Is it a correct way to build_vocab()? (torchtext)

al314 · January 31, 2020, 8:06am

Thanks!

Now I fixed my code snippet into

import torch
from torchtext.data import Dataset, Example, Field
from torchtext.data import Iterator, BucketIterator

TEXT  = Field(sequential=True, tokenize=lambda x: x.split(), 
                       lower=True, use_vocab=True)
LABEL = Field(sequential=False, use_vocab=False)

data = [("shop street mountain is hight", "a"), 
         ("work is interesting", "b")]

FIELDS = [('text', TEXT), ('category', LABEL)]

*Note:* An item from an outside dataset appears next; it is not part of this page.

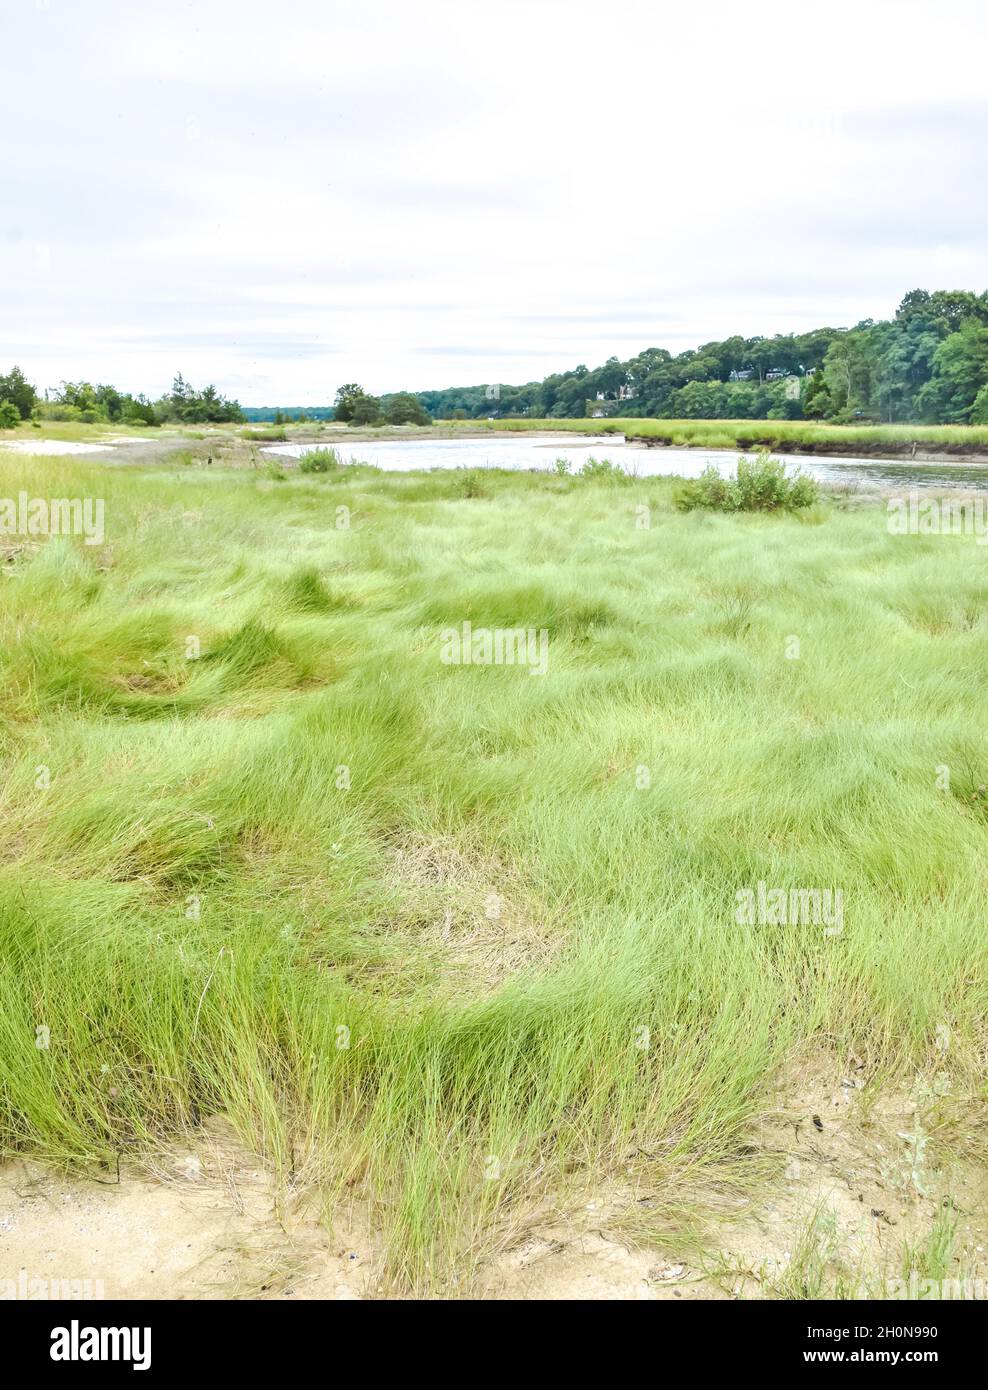 Pastos altos de pantano (Spartina patens) y spikata disticlious) en el complejo West Meadow Marsh en Stony Brook, Long Island, Nueva York. Foto de stock

examples = list(map(lambda x: Example.fromlist(list(x), fields=FIELDS), 
                                 data))

dt = Dataset(examples, fields=FIELDS)

TEXT.build_vocab(dt, vectors="glove.6B.100d")
LABEL.build_vocab(dt, vectors="glove.6B.100d")

print(TEXT.vocab.stoi["is"])

data_iter = Iterator(dt, batch_size=4, sort_key=lambda x: len(x))

But now I have the next question )

How do I transform text data in dt or data_iter into numerical format suitable to be fed in into the model?

Now I have iterator over ‘dt’, but it contains text field as a text, not as numerical torch tensors.

As I understand TEXT field now contains mappings to tensors, but I need to use dt or data_iter as input to the model.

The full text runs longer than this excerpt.